The book is also a memoir that deals with Nixon’s relationship with his family, his own migration to the United States and identity as a South African. That it is centered on ostriches doesn’t seem as odd after Nixon describes the Arab fable detailing the bird’s supposed origins.

When Allah summoned creatures to be named and categorized, the ostrich decided that it was not a bird, since it could not fly, yet also not a beast, since it had two legs rather than four. When Allah noticed the ostrich’s aloofness he decreed: “You have cut yourself off from all your fellow creatures. You have chosen to be different and to be alone. So you shall live as you have chosen.”

Though Nixon still describes himself as a “gregarious recluse,” he says his years of migration are at an end. He and his partner (and fellow UW–Madison English professor) Anne McClintock recently “anchored” here by buying a home not far from campus. After spending years in cosmopolitan cities, he says Madison provides easier access to nature, where he does his best writing.

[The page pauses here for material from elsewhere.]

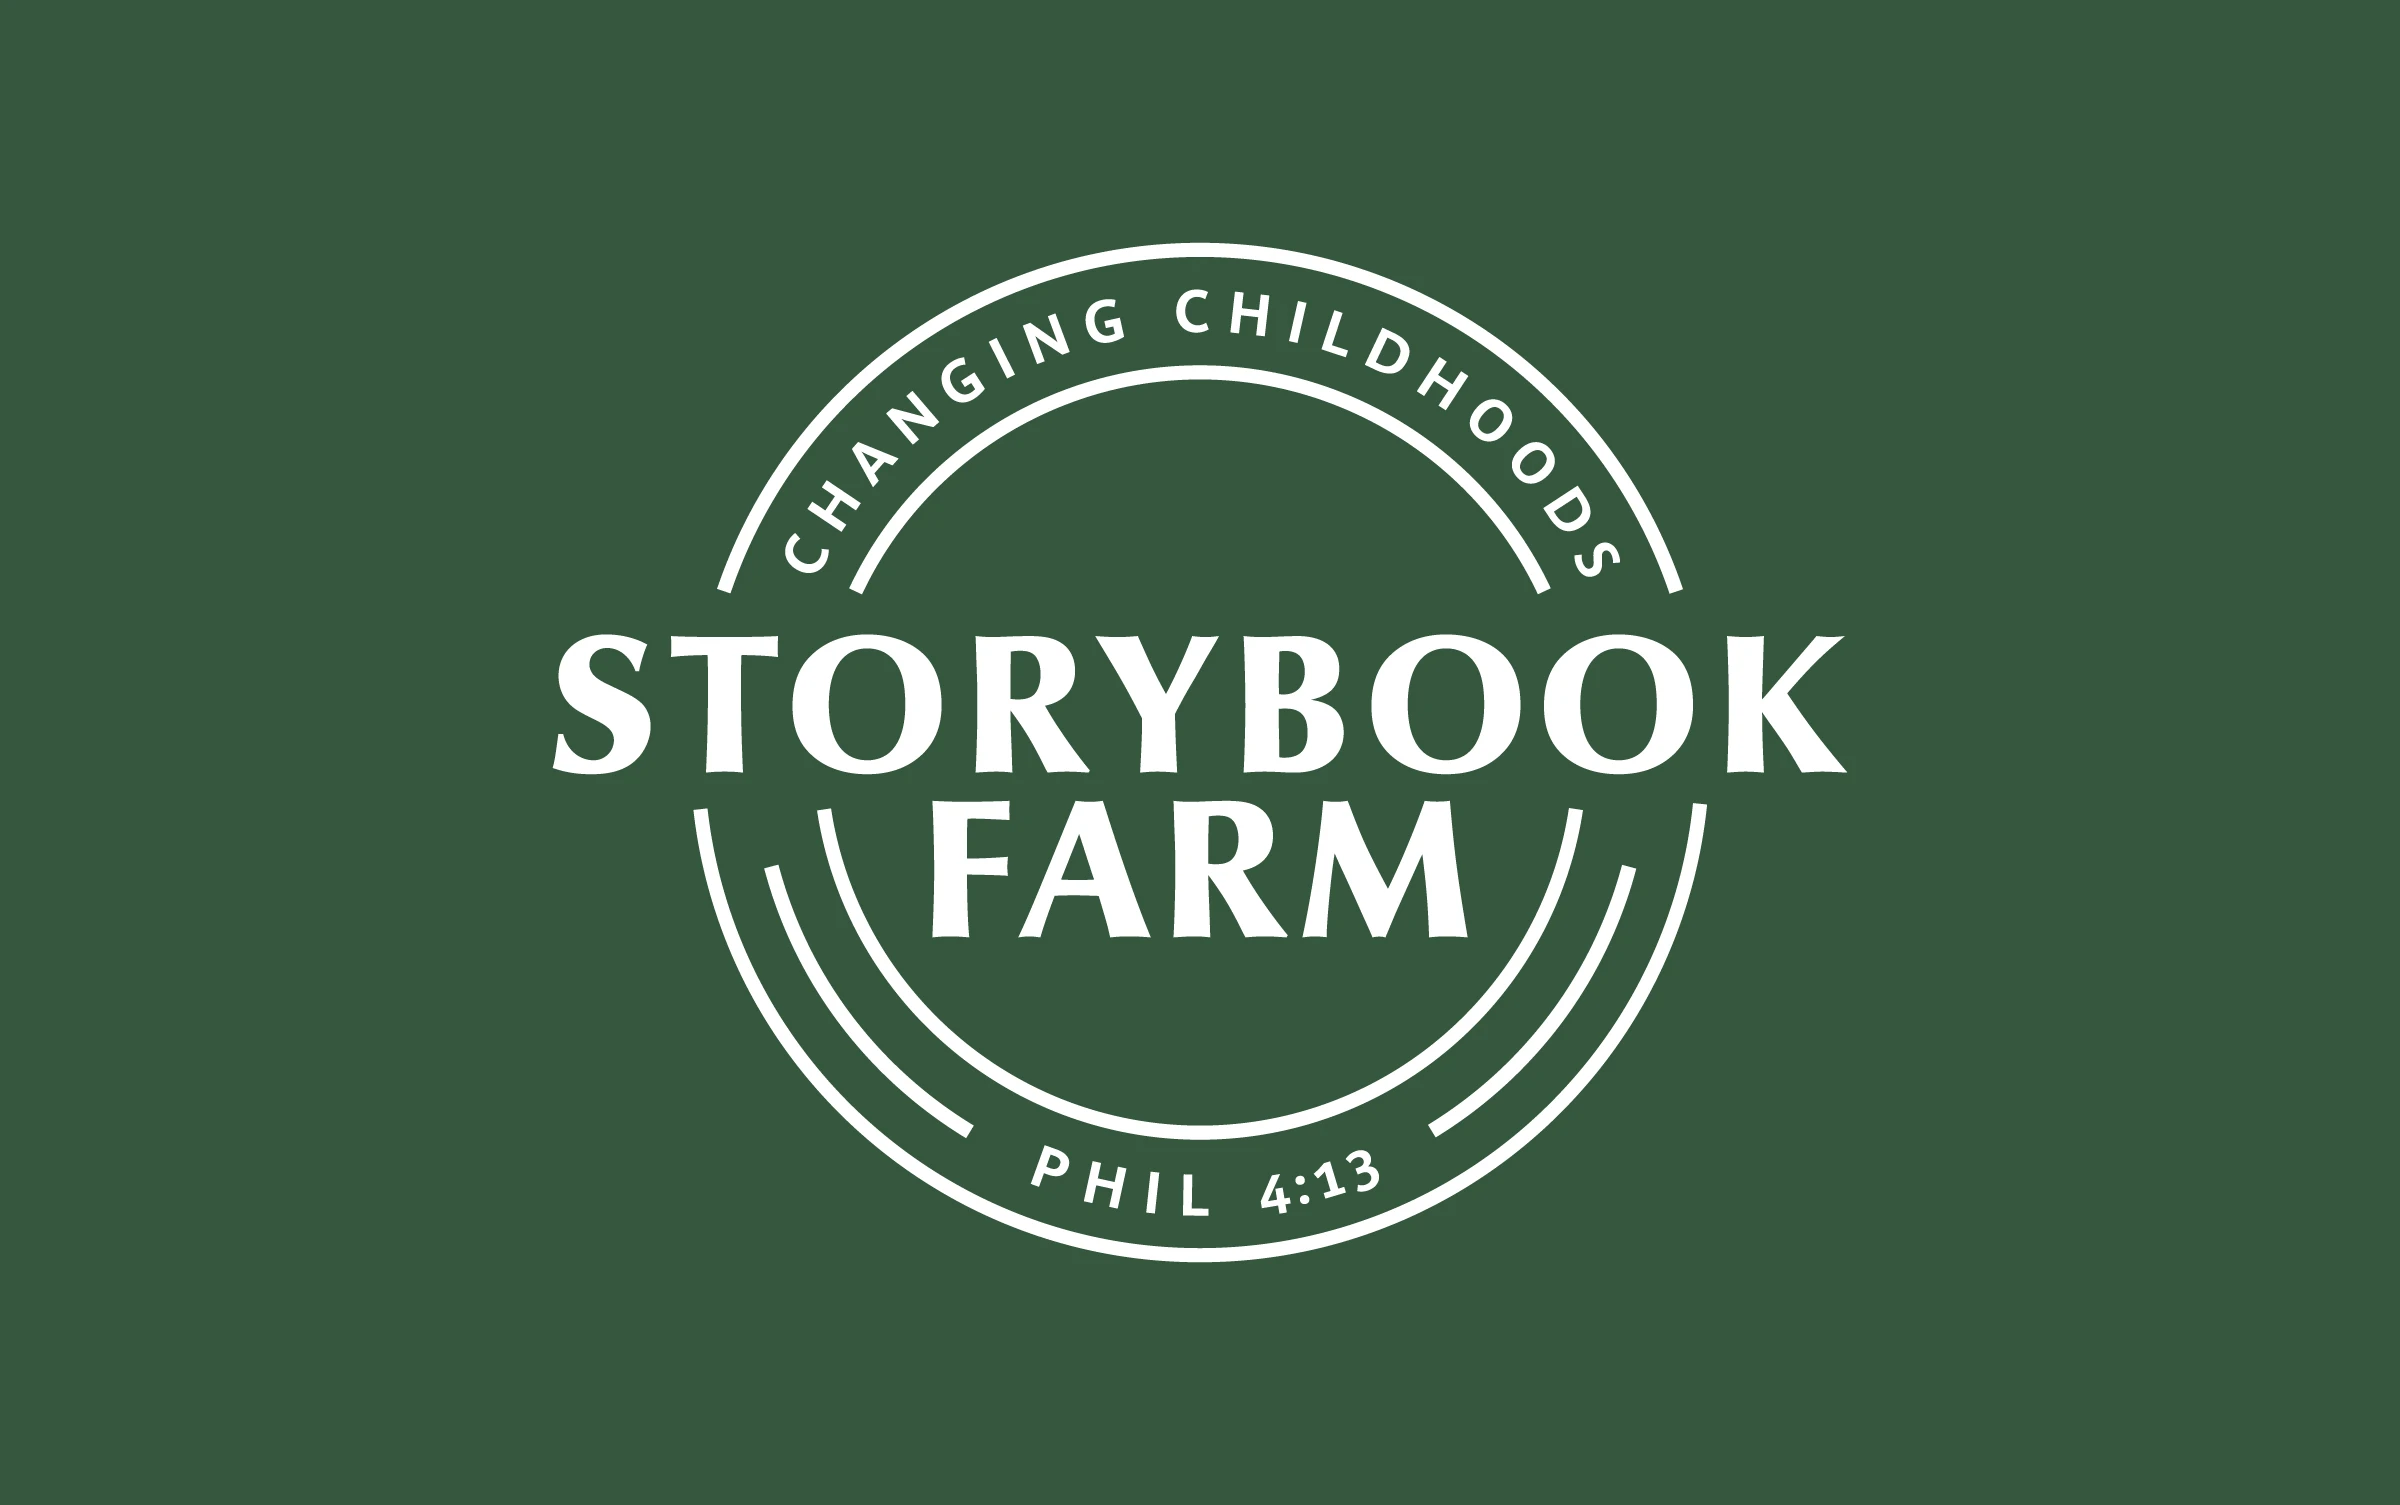 storybook farm nonprofit here molly girl marketing firm auburn alabama opelika logo branding social media website development
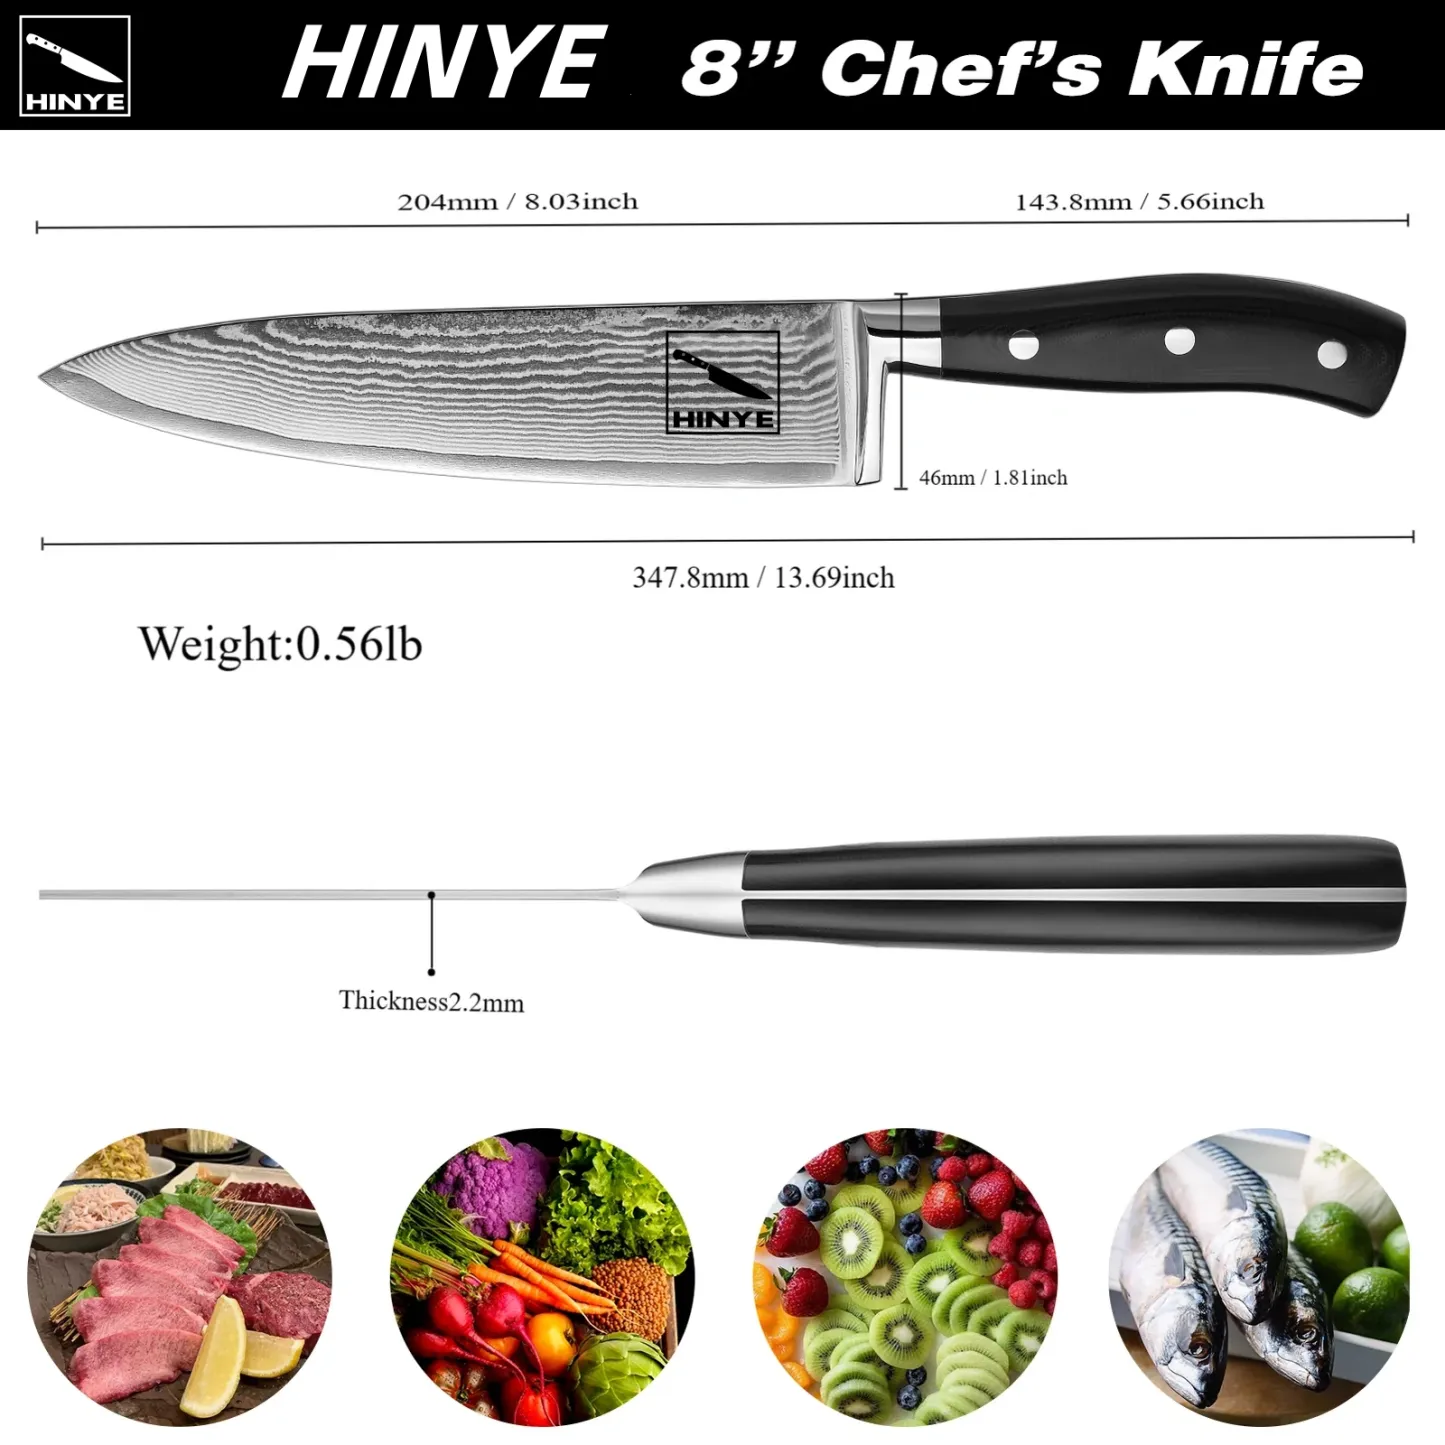 Hinye-Argos 8" Chef

While taking the fall semester off from teaching, Nixon plans to work on two projects. One is a study of post-colonial literature from across the world, viewed through the prism of environmentalism.

The other project, tentatively titled “An Autobiography of Touch,” stages a personal exploration of masculinity through a series of scenes involving hands and skin.

“A lot has been written about men, and sex and violence,” Nixon says, “much less about men’s experience of the traumatic and restorative power of touch.”

Draine, of the English Department, says Nixon’s colleagues won’t be surprised whatever his next direction.

“We are hardly startled when he publishes a book on ostriches and identity, and we try not to wince when he says his new book will be about “my body,'” she says. “Meanwhile, perusing the Sunday New York Times, we find him in the travel section revealing his adventures in exploring Wisconsin villages and trails. Rob addresses all these topics with sharp insight and elegant style.”